Are you so loose in morals you’ll give him leave to handle you in whatever way he likes?”

  Rafa’s instinct to swing at Lanier was overwhelming, but he couldn’t risk hurting Lyse. She had suddenly gone still, as though she knew struggle would invite more violence. And that realization ignited in him a flare of red rage that threatened to burn every thought to cinders.

  He forced himself to relax, to look beneath the insulting words of his adversary. A man’s daughter was his property, and he would not let her go without payment of some kind. Then Rafa must think like a merchant. What would Don Rafael do?

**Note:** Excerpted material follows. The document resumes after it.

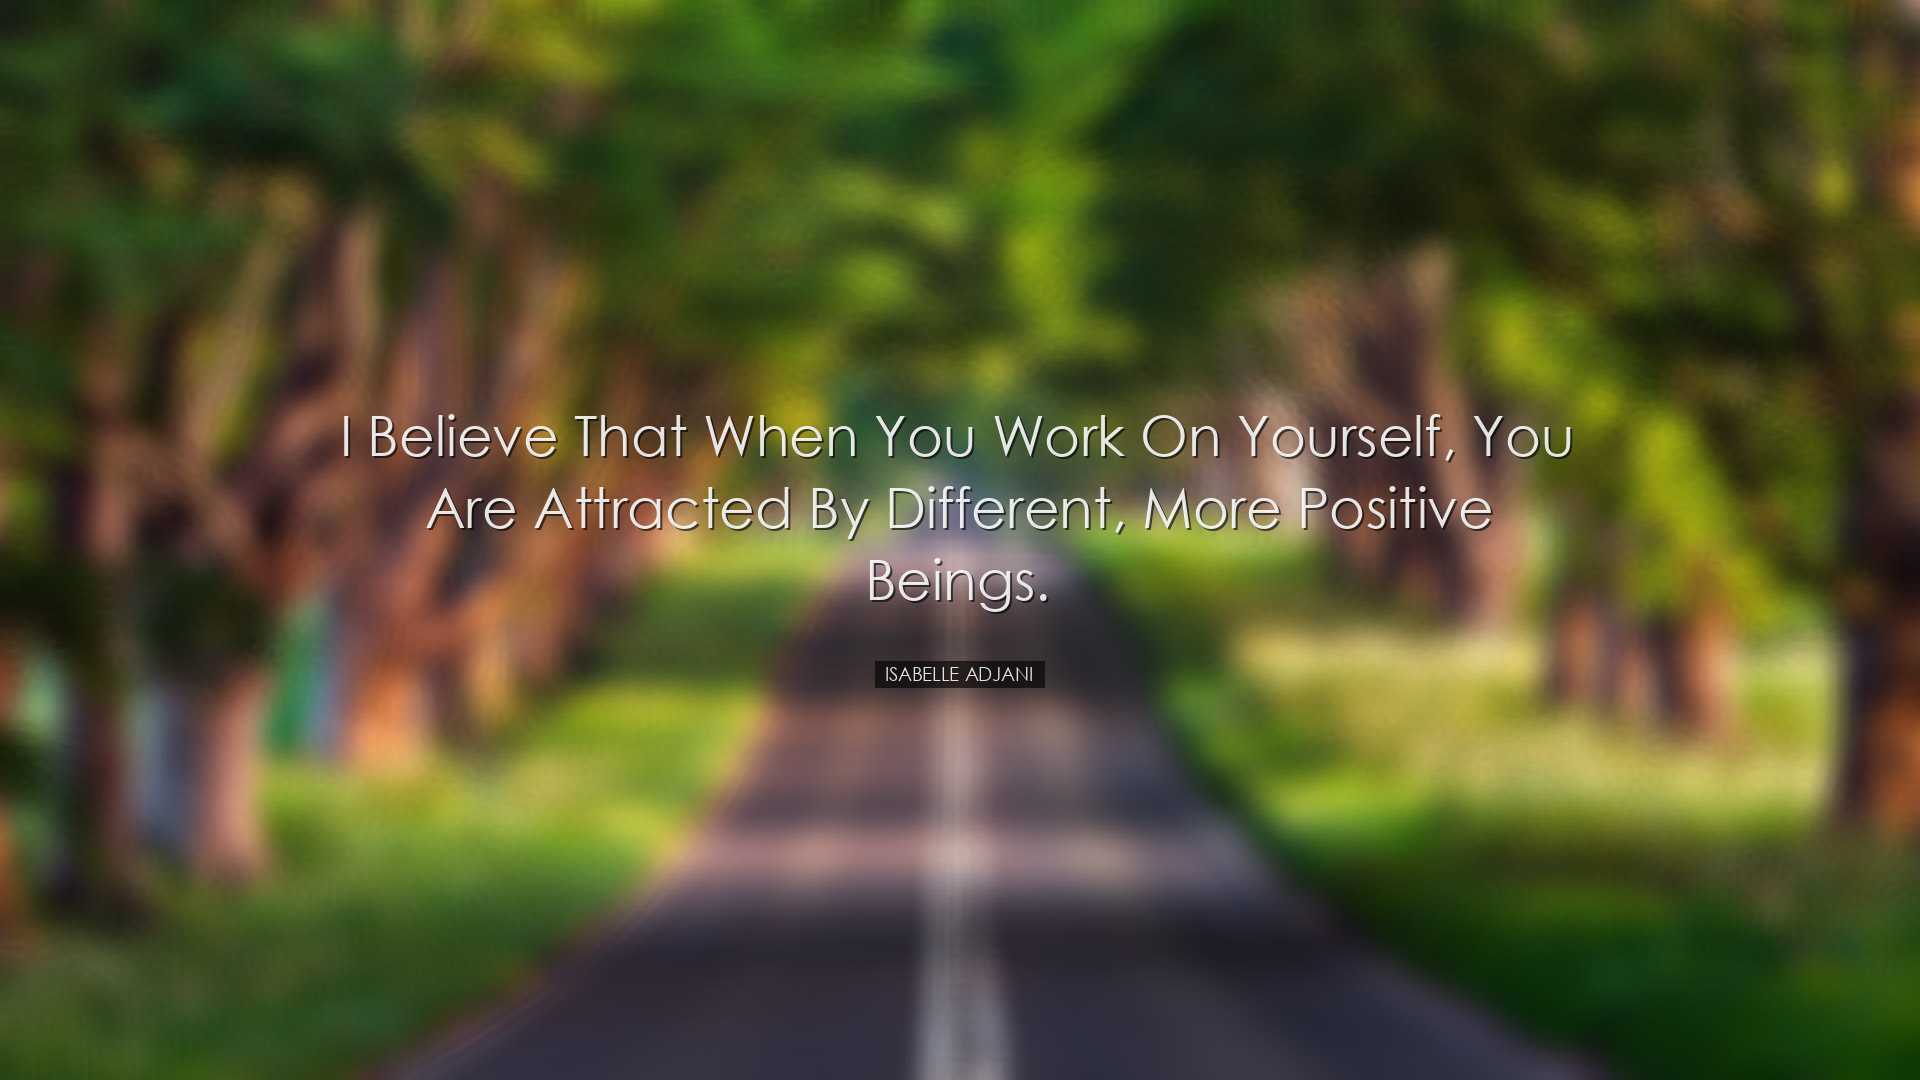 I believe that when you work on yourself, you are attracted by dif

  Producing a bewildered smile, he stared at the big fist wrapped around his arm. “My dear sir, there is no need for this, er, energetic method of arresting my attention. I assure you, I am listening.” He brightened. “But then, of course you didn’t know. In your absence, your daughter and I were arranging to hire your ferry to transport me and my luggage out to my ship anchored at Dauphine Island.” He squinted up into Lanier’s fierce dark eyes. “But perhaps you have no need of the enterprise?”

  There was an infinitesimal relaxing of the grip upon his wrist. Lanier’s expression became cagey. “I might have. But Lyse cannot speak for me. She is a child.”

  Rafa suppressed the urge to challenge the man’s absurd denigration of one to whom he clearly owed his dignity and probably his livelihood as well. “Ah, then it is good that you arrived when you did. I should hate to have taken my business elsewhere.” He laughed, casting another confused look at Lanier’s grasp on his arm. “You can let me go now—I vow I shall not escape.”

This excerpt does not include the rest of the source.